节点亲和语法支持下面的操作符: In(label的值在某个列表中),NotIn(label的值不在某个列表中),Exists(某个label存在),DoesNotExist(某个label不存在),Gt(label的值大于某个值),Lt(label的值大于某个值)。可以使用NotIn和DoesNotExist来实现节点反亲和行为,或者使用节点污点将pod从特定节点中驱逐。
如果同时指定了nodeSelector和nodeAffinity,*两者*必须都要满足,才能将 pod 调度到候选节点上。
如果指定了多个与nodeAffinity类型关联的nodeSelectorTerms,则如果其中一个 nodeSelectorTerms满足的话,pod将可以调度到节点上。
如果指定了多个与nodeSelectorTerms关联的matchExpressions,则只有当所有matchExpressions满足的话,pod才会可以调度到节点上。
如果修改或删除了pod所调度到的节点的标签,pod不会被删除。换句话说,亲和选择只在pod调度期间有效。
preferredDuringSchedulingIgnoredDuringExecution中的weight字段值的范围是1-100。对于每个符合所有调度要求(资源请求,RequiredDuringScheduling 亲和表达式等)的节点,调度器将遍历该字段的元素来计算总和,并且如果节点匹配对应的MatchExpressions,则添加“权重”到总和。然后将这个评分与该节点的其他优先级函数的评分进行组合。
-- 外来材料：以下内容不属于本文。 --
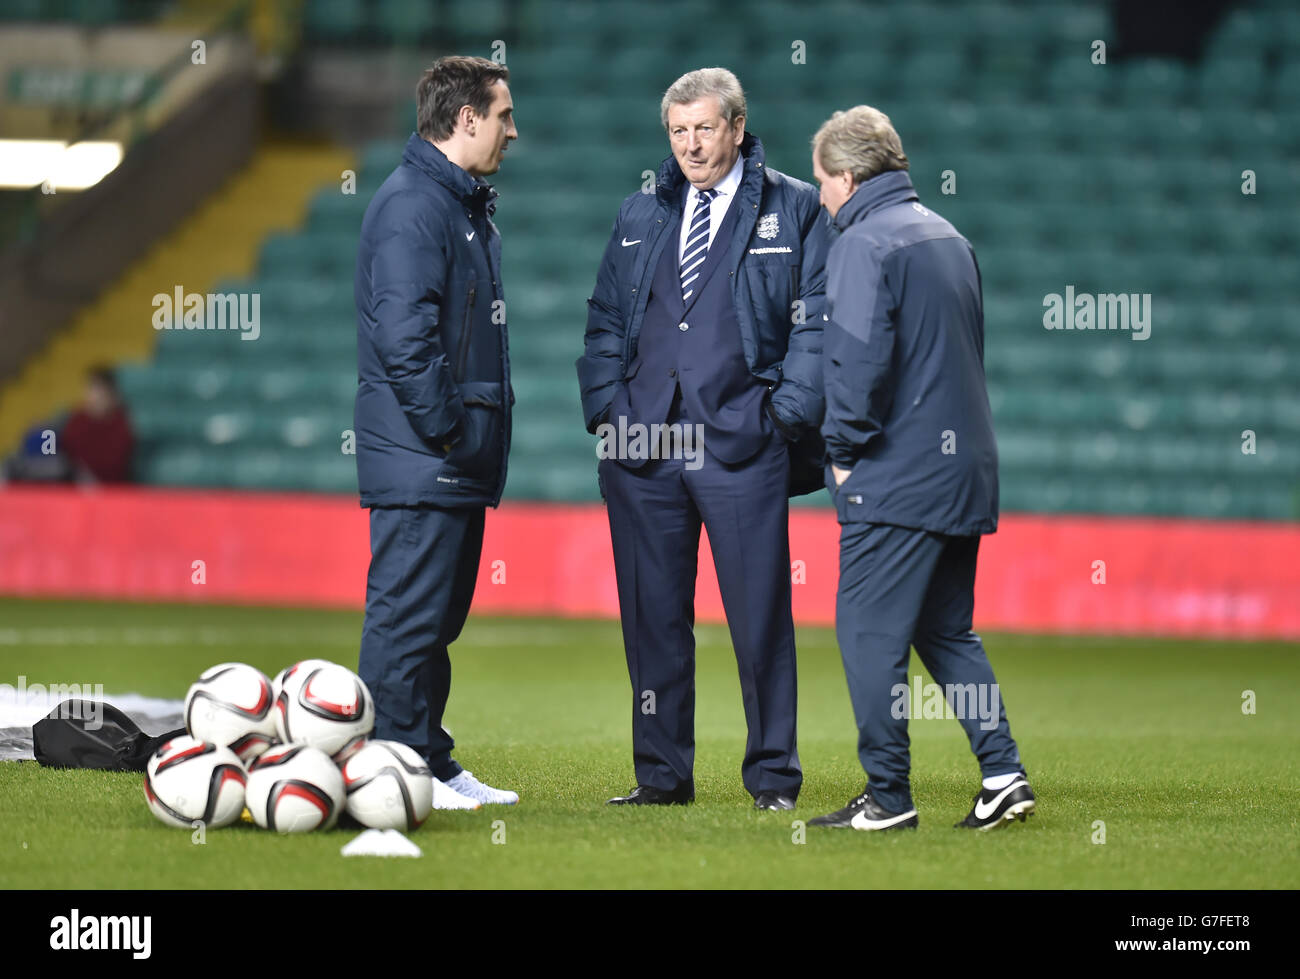 England manager Roy Hodgson (centre), assistant manager Ray Lewington (right) and coach Gary Neville before the International friendly at Celtic Park, Glasgow. PRESS ASSOCIATION Photo. Picture date: Tuesday November 18, 2014. See PA Story SOCCER Scotland. Photo credit should read: Owen Humphreys/PA Wire. Stock Photo

总分最高的节点是最优选的。
创建pod不运行在disktype=ssd标签上【必须满足】
[root@k8smaster node]# kubectl label nodes k8snode01 disktype=ssd --overwrite #重置标签disktype=ssd
node/k8snode01 labeled
[root@k8smaster node]# kubectl label nodes k8snode02 disktype=ssd --overwrite #重置标签disktype=ssd
node/k8snode02 labeled
[root@k8smaster node]# more noderequire.yaml
apiVersion: v1
kind: Pod
metadata:
name: noderequire-pod
spec:
containers:
- name: noderequire-pod-ctn
image: 192.168.23.100:5000/tomcat:v2
imagePullPolicy: IfNotPresent
restartPolicy: Never
affinity:
nodeAffinity:
requiredDuringSchedulingIgnoredDuringExecution:
nodeSelectorTerms:
- matchExpressions:
- key: disktype
operator: NotIn
values:
- ssd
[root@k8smaster node]# kubectl create -f noderequire.yaml
pod/noderequire-pod created
[root@k8smaster node]# kubectl get pod -o wide #没有满足的标签导致pod一直是Pending状态
NAME READY STATUS RESTARTS AGE IP NODE NOMINATED NODE READINESS GATES
noderequire-pod 0/1 Pending 0 68s <none> <none> <none> <none>
[root@k8smaster node]# kubectl describe pod noderequire-pod
Name: noderequire-pod
Namespace: default
Priority: 0
Node: <none>
Labels: <none>
Annotations: <none>
Status: Pending
IP:
Containers:
noderequire-pod-ctn:
Image: 192.168.23.100:5000/tomcat:v2
Port: <none>
Host Port: <none>
Environment: <none>
Mounts:
/var/run/secrets/kubernetes.io/serviceaccount from default-token-vt7pl (ro)
Conditions:
Type Status
PodScheduled False
Volumes:
default-token-vt7pl:
Type: Secret (a volume populated by a Secret)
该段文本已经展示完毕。